Segment Start: MATERIAL PROVIDED
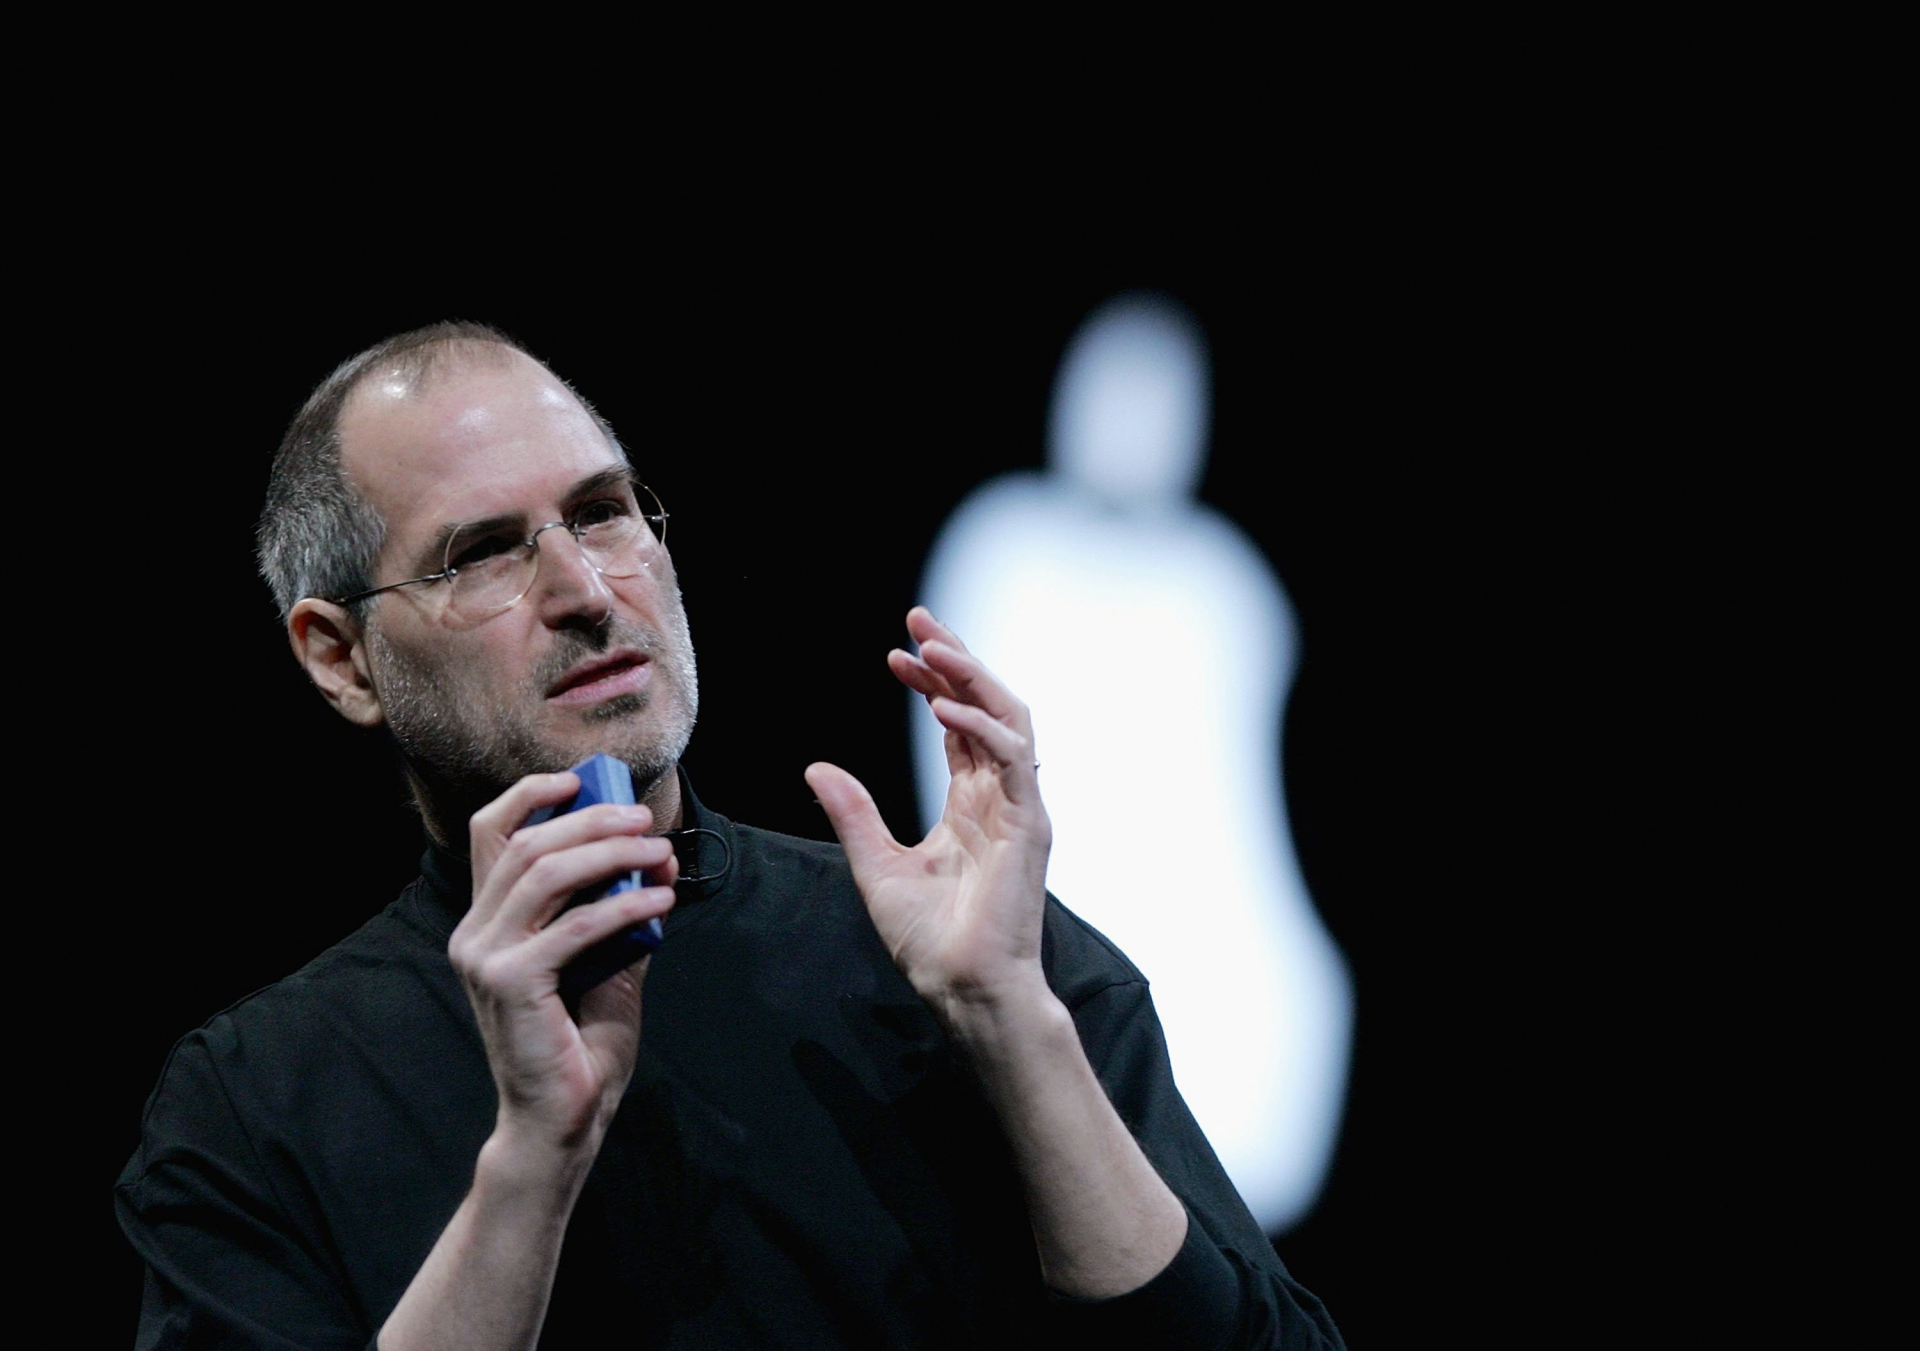 Steve Jobs từng hé lộ điểm khác biệt lớn nhất giữa người thành công và kẻ mộng mơ: Không dám hỏi thì sẽ chẳng có gì
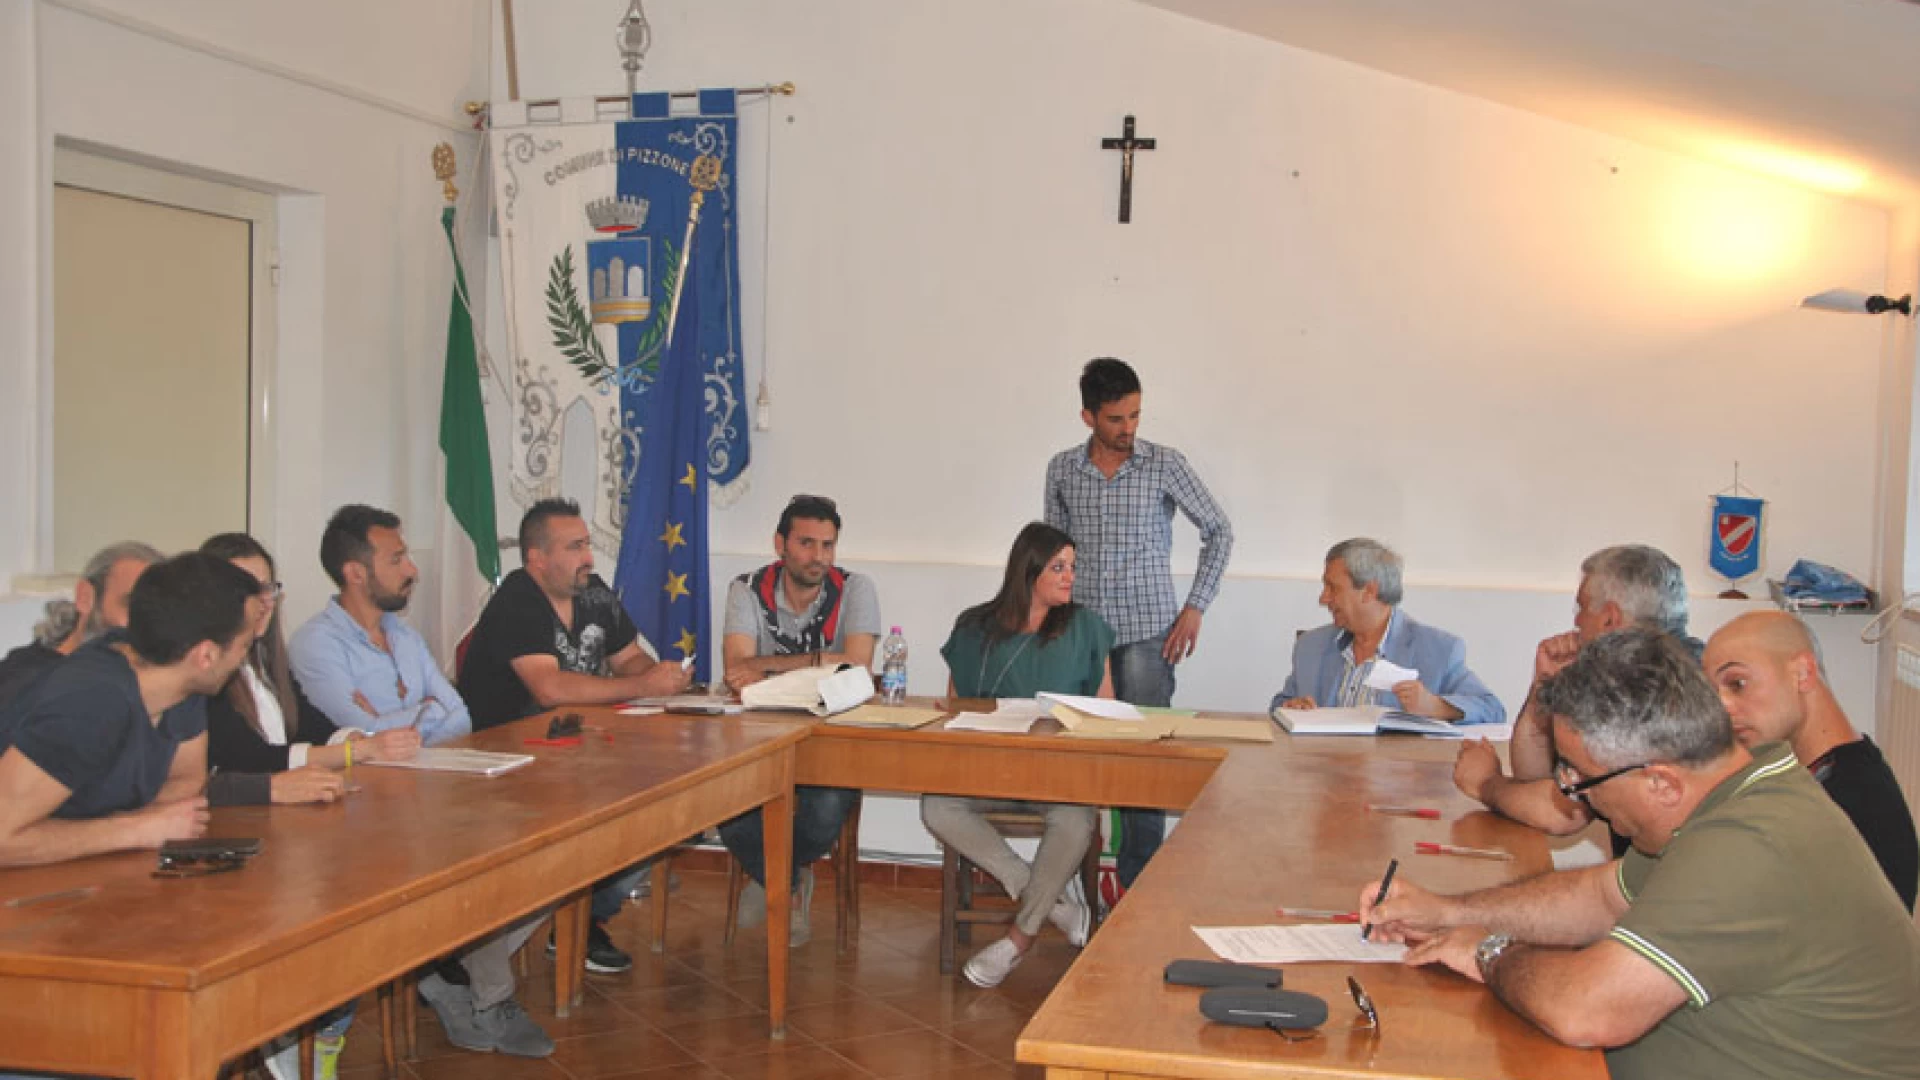 Filignano e Pizzone, formulata l’adesione ufficiale in Consiglio al Gal Molise Rurale.
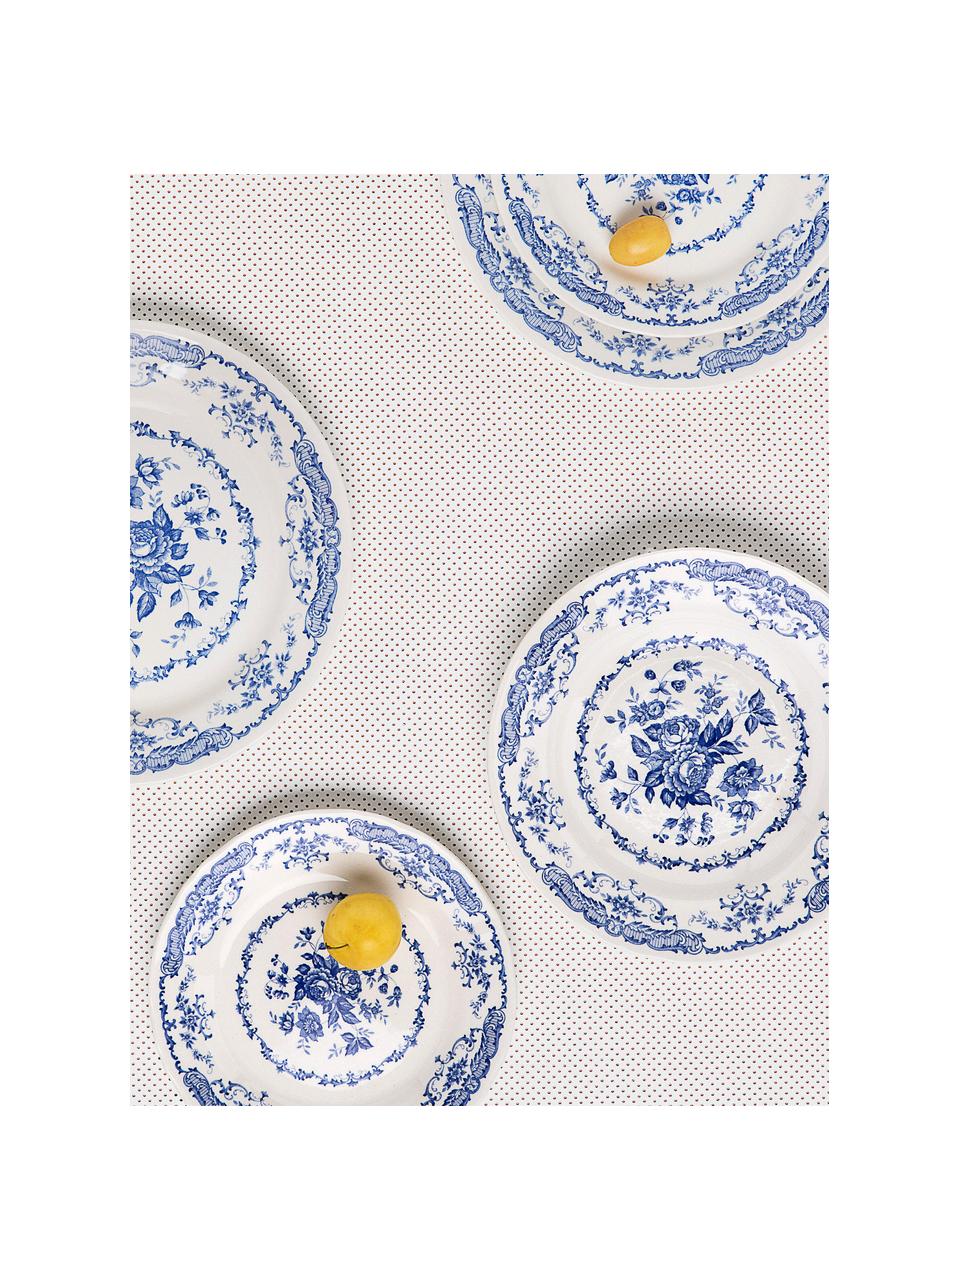 Suppenteller Rose mit Blumenmuster in Weiß/Blau, 2 Stück , Keramik, Weiß, Blau, Ø 23 x H 4 cm
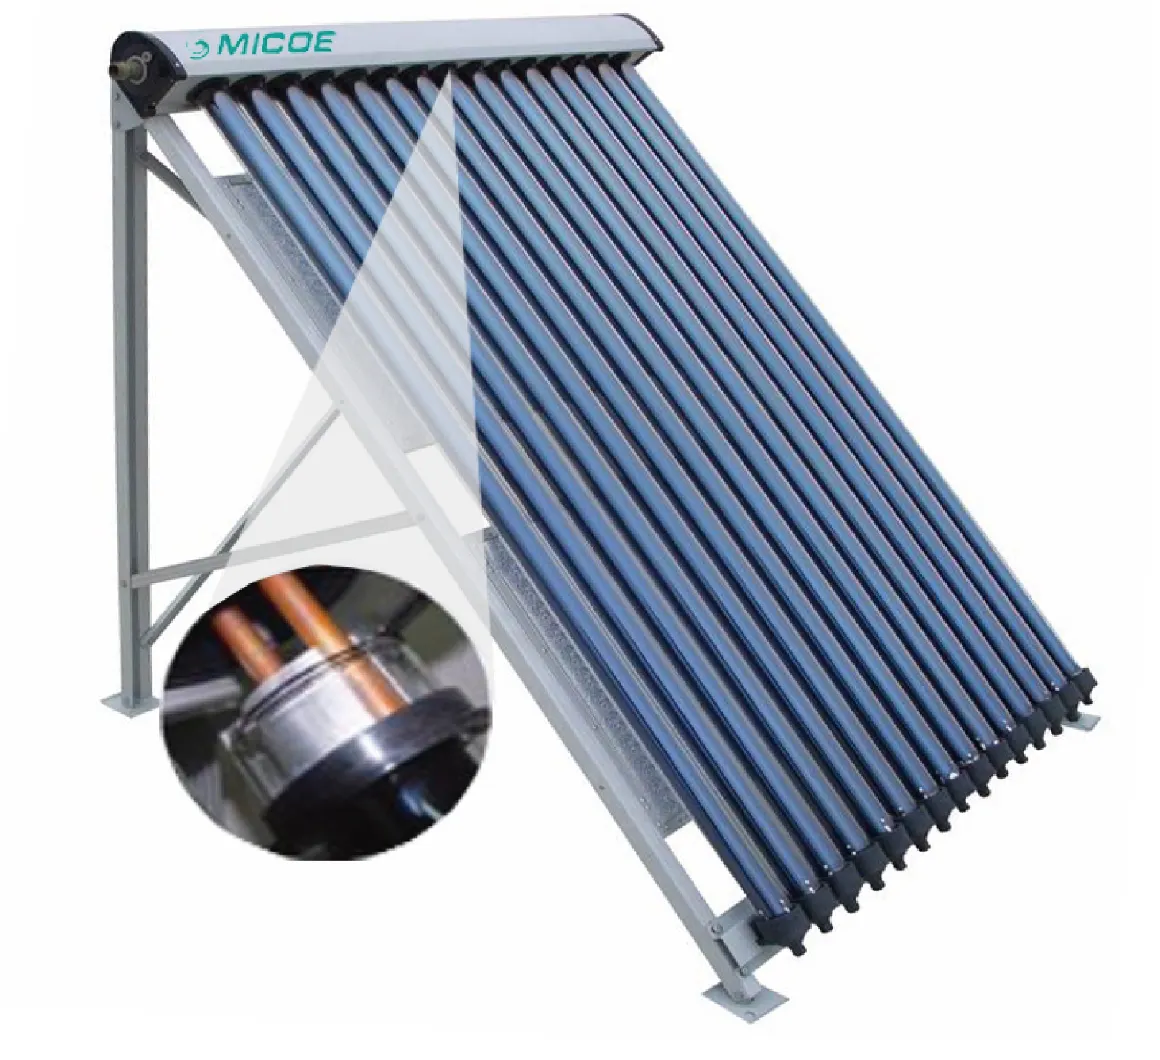 Micoe Factory OEM Vakuumröhren kollektor Sparen Sie Solarenergie kollektor Lieferant für Warmwasser
Segment End: MATERIAL PROVIDED
◆ **WHAT TO PRODUCE**: Repeat each line of the listing word for word, from the first through the line that contains "Filignano e Pizzone, formulata". Any picture stays out.

◆ **EXERCISE SOLUTION**:
 Steve Jobs từng hé lộ điểm khác biệt lớn nhất giữa người thành công và kẻ mộng mơ: Không dám hỏi thì sẽ chẳng có gì
 Filignano e Pizzone, formulata l’adesione ufficiale in Consiglio al Gal Molise Rurale.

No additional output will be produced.